Peter und seine Frau hingegen beschlossen, dass ihre Familie – sie haben zwei Kinder im Alter von acht und sechs Jahren – aufgrund der Pandemie auf ein Auto verzichten würde: „Wir haben es kaum benutzt. Ich dachte, wenn wir monatelang ohne auskommen können, brauchen wir es wirklich nicht.“ Diese Entscheidung befreite ihn von den Kosten für Benzin und Versicherung sowie der lästigen Parkplatzsuche. Er gab das Auto vor vier Jahren auf und vermisst es nicht. „Meine Frau fährt mit den Kindern Bus, und wir haben auch ein Fahrrad.“ Langschwanz [was den Transport von Personen und Fracht ermöglicht]. Im Sommer sind wir Strecken von bis zu 40 Kilometern gefahren, und die Kinder waren begeistert. Sie wollten gar nicht mehr im Auto mitfahren“, erklärt er. Im Gegensatz zu den anderen Zeugen fühlt sich Peter ohne Auto freier. „Auf den Inseln ist das übertrieben. Ich habe viele Freunde von anderswo, die nicht einmal einen Führerschein haben, und man muss gar nicht weit fahren. Hier ist es für uns schon selbstverständlich, und wir unternehmen Fahrten, für die das Auto gar nicht nötig ist.“ „Um darauf zu verzichten, muss man sich anstrengen“, fügt er hinzu.
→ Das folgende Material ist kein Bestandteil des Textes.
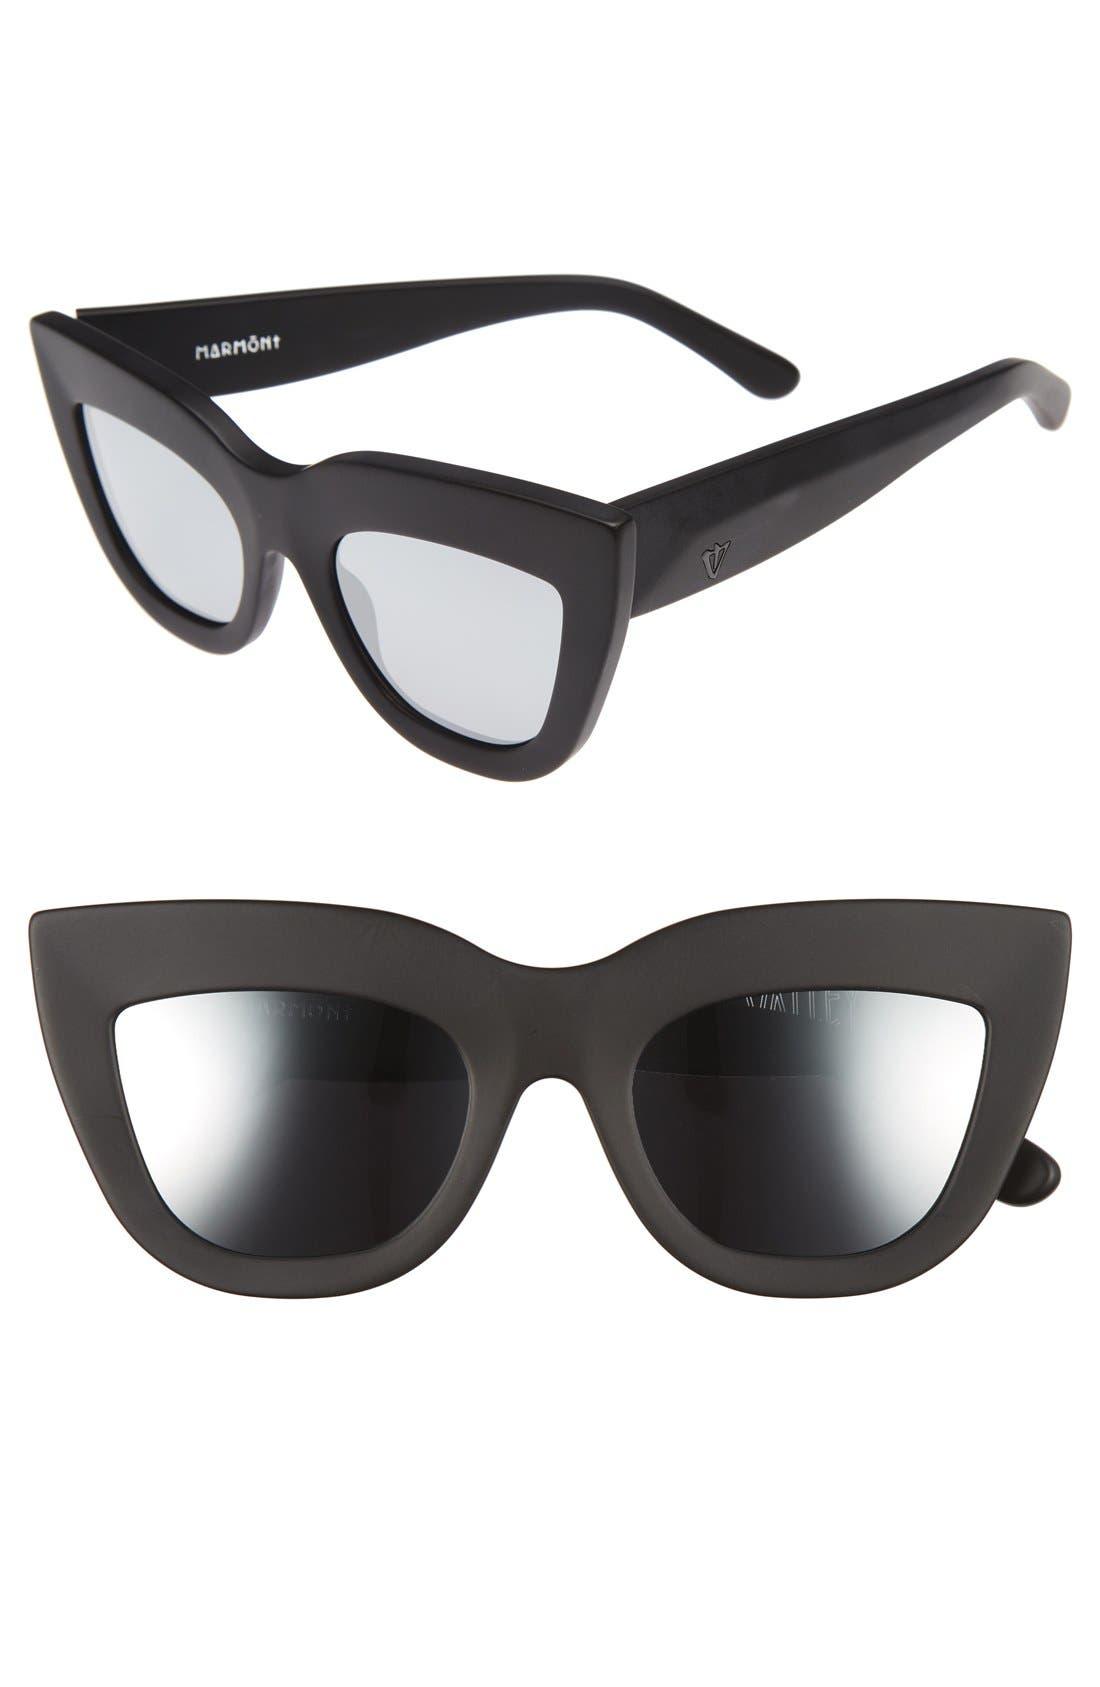 Marmont 52mm Cat Eye Sunglasses,                         Main,                         color, Matte Black
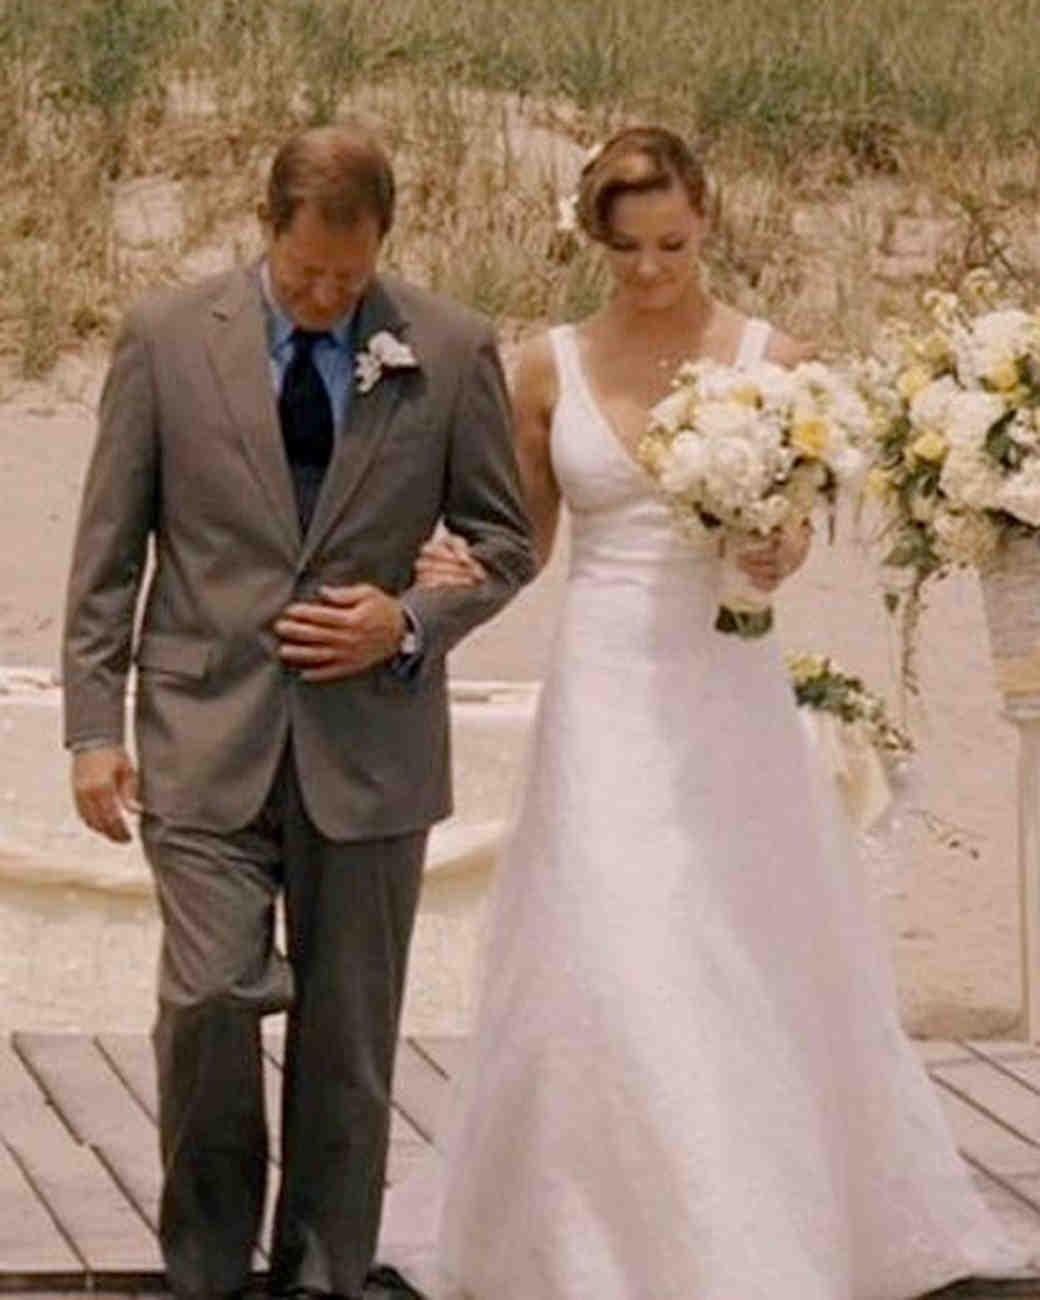 movie-wedding-dresses-27-dresses-katherine-heigl-0316.jpg
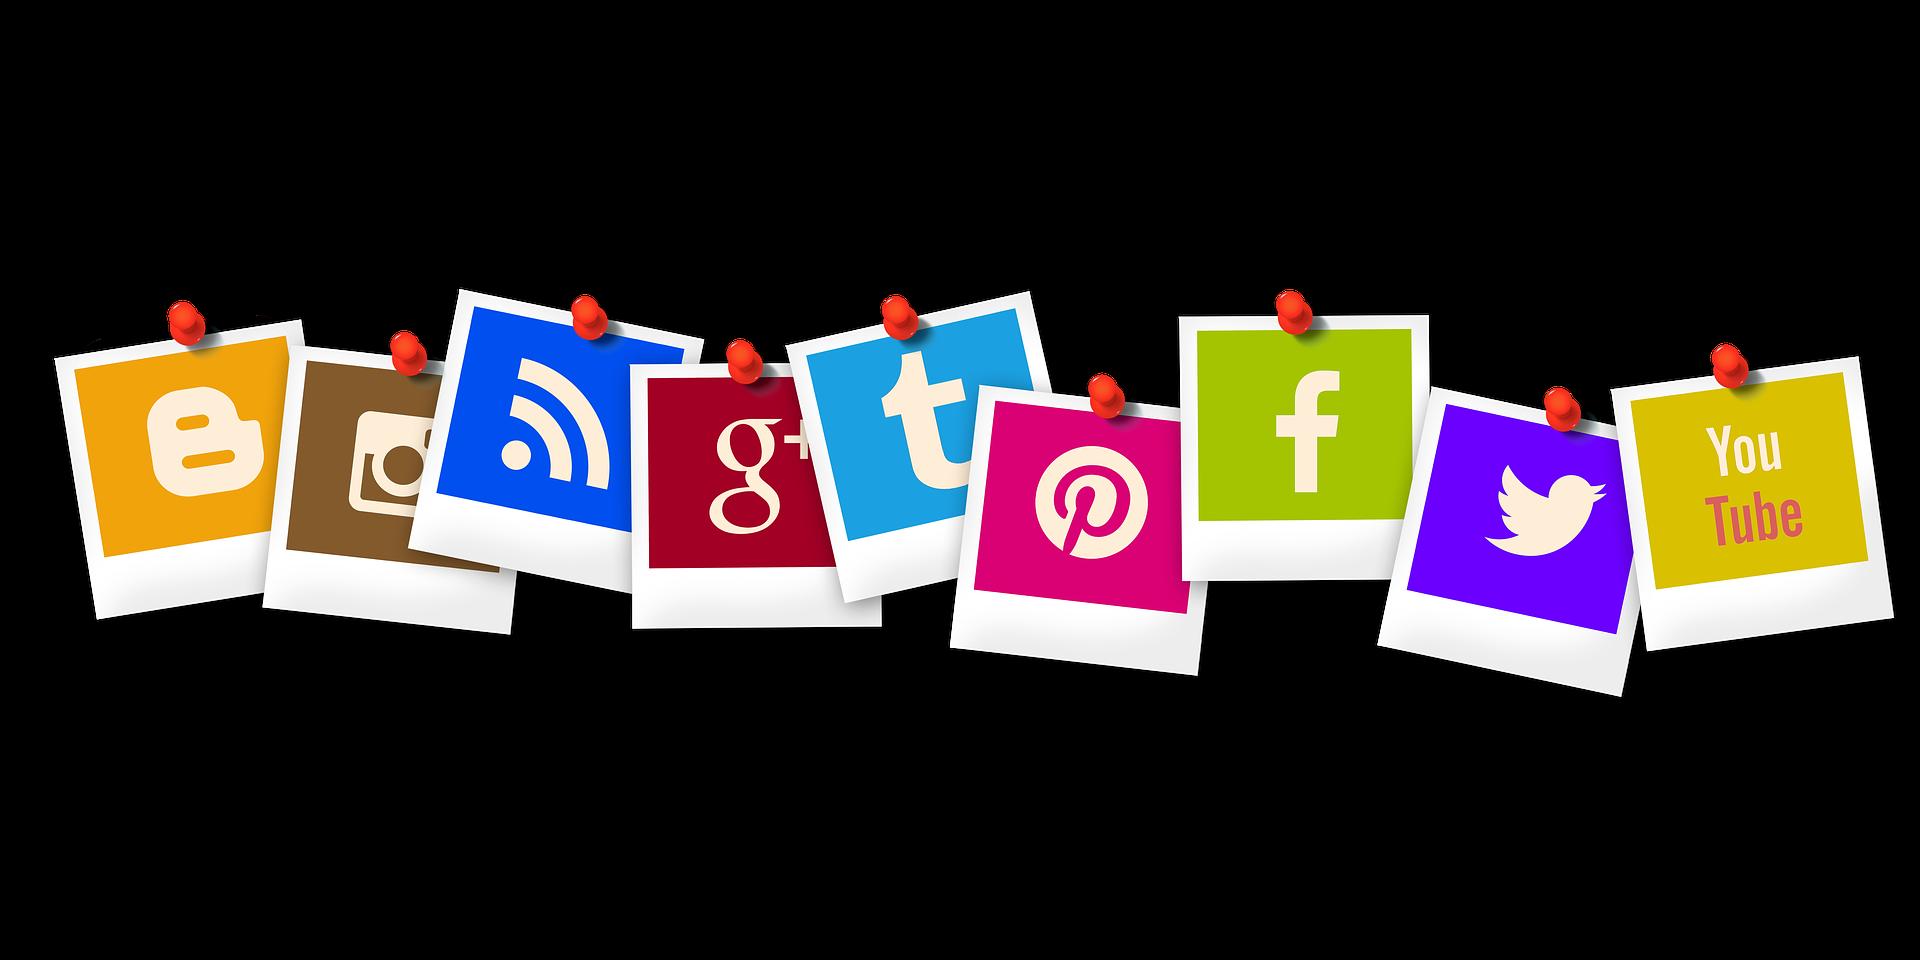 Quina importància té una bona imatge a les xarxes socials per a la teva empresa?

Seguí fordert jedoch Maßnahmen, die der Komplexität des Problems gerecht werden. Zum Beispiel die Schaffung multifunktionaler Stadtviertel, damit die Menschen ihr unmittelbares Umfeld nicht verlassen müssen, um einzukaufen oder zur Schule zu gehen. „Deshalb müssen wir neben Mobilitätsmaßnahmen auch über ‚strukturelle‘ Initiativen nachdenken, über Funktionen, die erfüllt werden müssen“, fährt Seguí fort, überzeugt davon, dass „es keine andere Möglichkeit gibt, als das Auto in den Hintergrund zu drängen.“
Andererseits können Maßnahmen wie kostenloser öffentlicher Nahverkehr dazu beitragen, das Verhalten der Bürger zu verändern. „Kostenloser öffentlicher Nahverkehr und häufigere Busverbindungen haben die Nutzung erhöht, aber es muss noch viel mehr getan werden“, sagt David Abril. Er mahnt Institutionen außerdem, „keine widersprüchlichen Signale“ hinsichtlich der Reduzierung des privaten Fahrzeugverkehrs auszusenden, etwa „die Kampagne gegen E-Scooter und den Abbau von Radwegen“. „Es ist sehr schwierig, eine neue Kultur zu schaffen, und dann werden ihr auch noch Hindernisse in den Weg gelegt“, bedauert er.